Myles Watson mylesgw@gmail.com writes:
I was having trouble with stack corruption. Using memset (C) instead of clear_memory(asm) speeds it up by almost a factor of 2 for a 1M region.
TSC difference with clear_memory 0xFA884D TSC difference with memset 0x826742
That's odd. I just recently sent a patch to the list ("ulzma delay") that did pretty much the opposite, as I was seeing really bad performance for the C memset function on my Opteron (Istanbul) boxes. memset would take minutes to do what ran in a handful of ms using "rep stosb", by all accounts because of instruction cache thrashing.
I see clear_memory was using "stosl", but apart from that it looks very similar to the variant I ended up with to improve performance.
Once caching works correctly for fam10, maybe you'll see similar performance numbers?
Could you see if you experience stack corruption with the "rep stosb" patch I posted for memset as well?
It's hard to tell if you experience stack corruption... unless it bites you. There are a lot of places on the stack where it won't matter if it gets corrupted. I don't have a good way to test that.

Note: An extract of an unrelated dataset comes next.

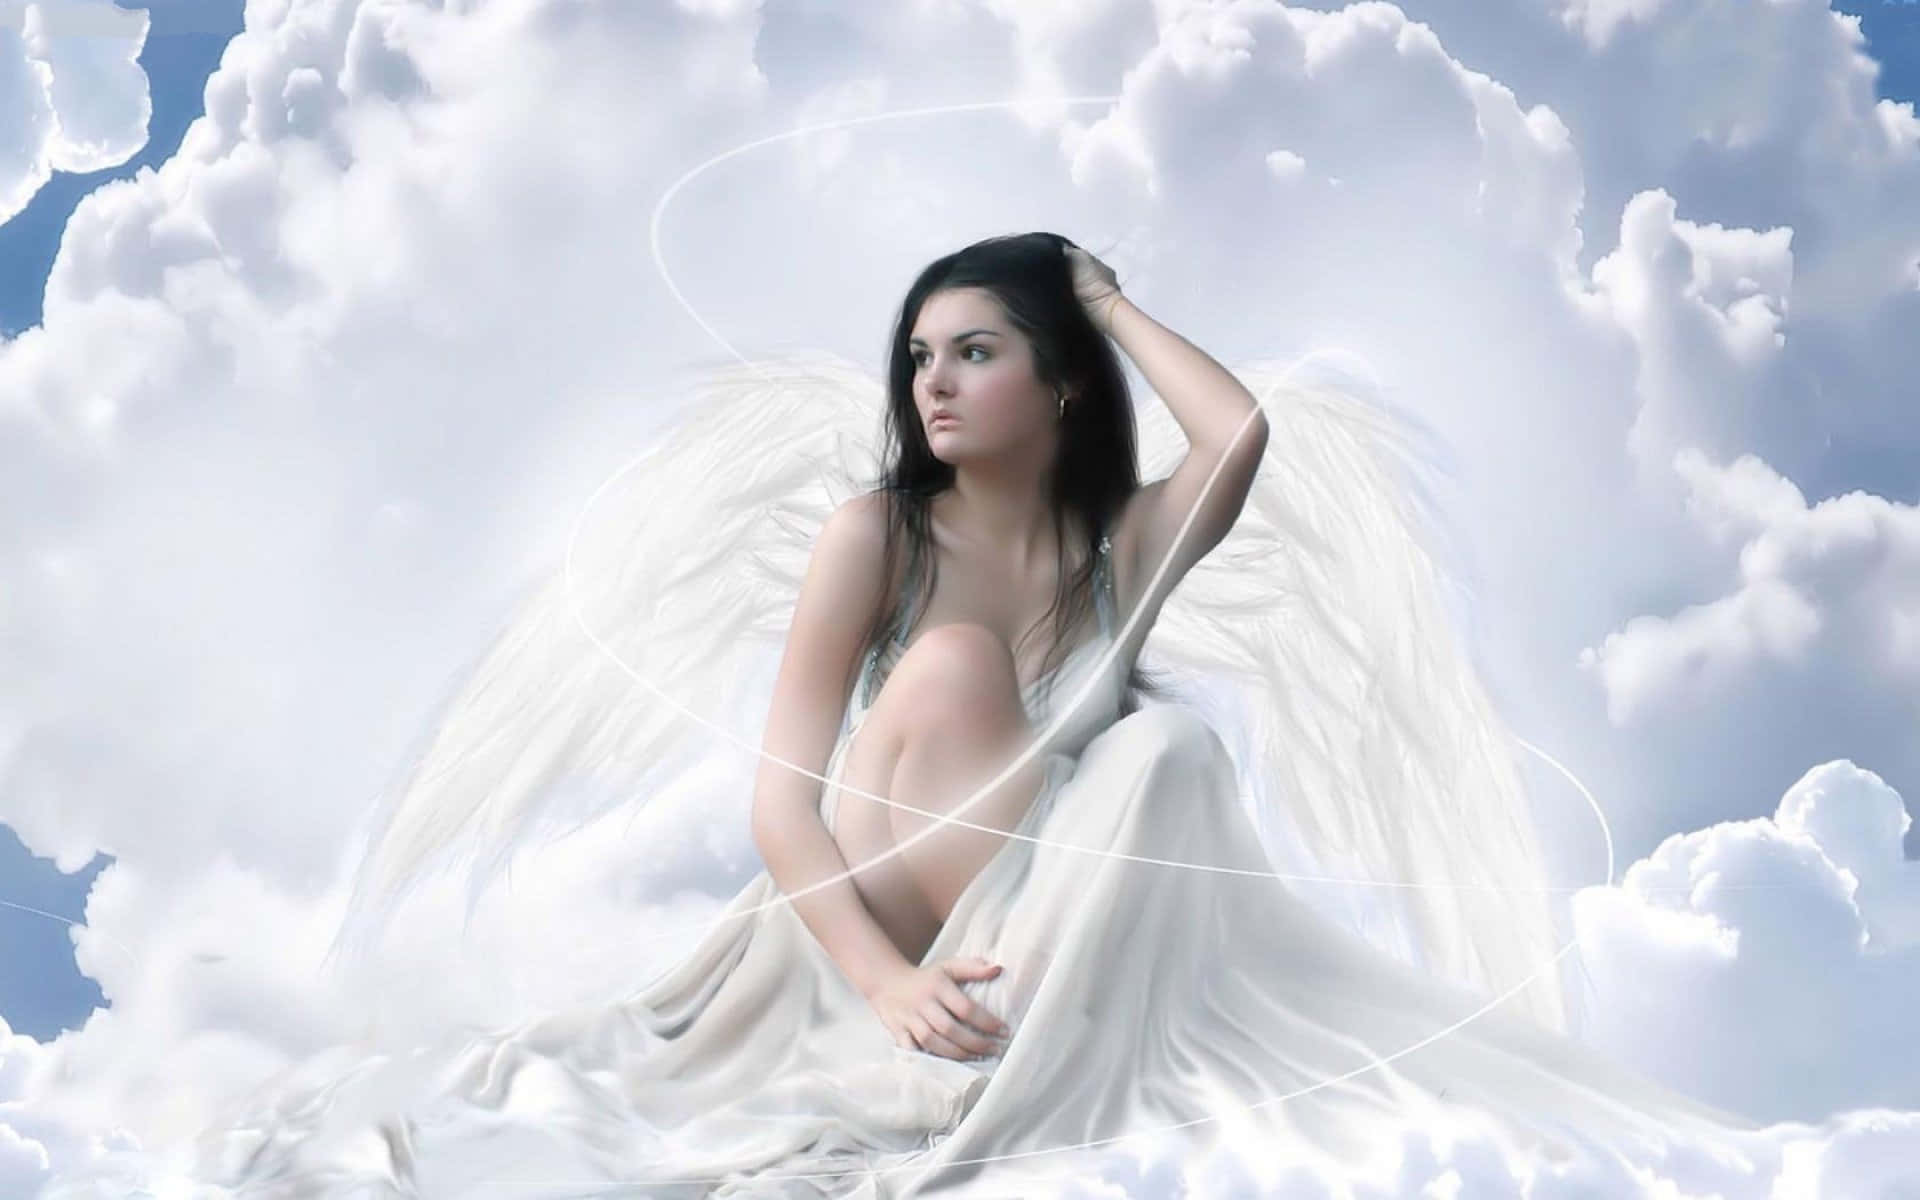 Serene Angelic Figure In Heavenly Surroundings Wallpaper

I'd like to see that go in, but of course it's a problem if it results in a performance degradation on other platforms. Perhaps we could enable it only for the platforms where instruction footprint/fetches is known to be an issue, ie fam10?
The best thing would be to fix caching on fam10. Of course if that's not feasible for some reason, then adding asm just for that architecture could be the way to go. In general, the more we can keep it straight C, the better for me.
Thanks, Myles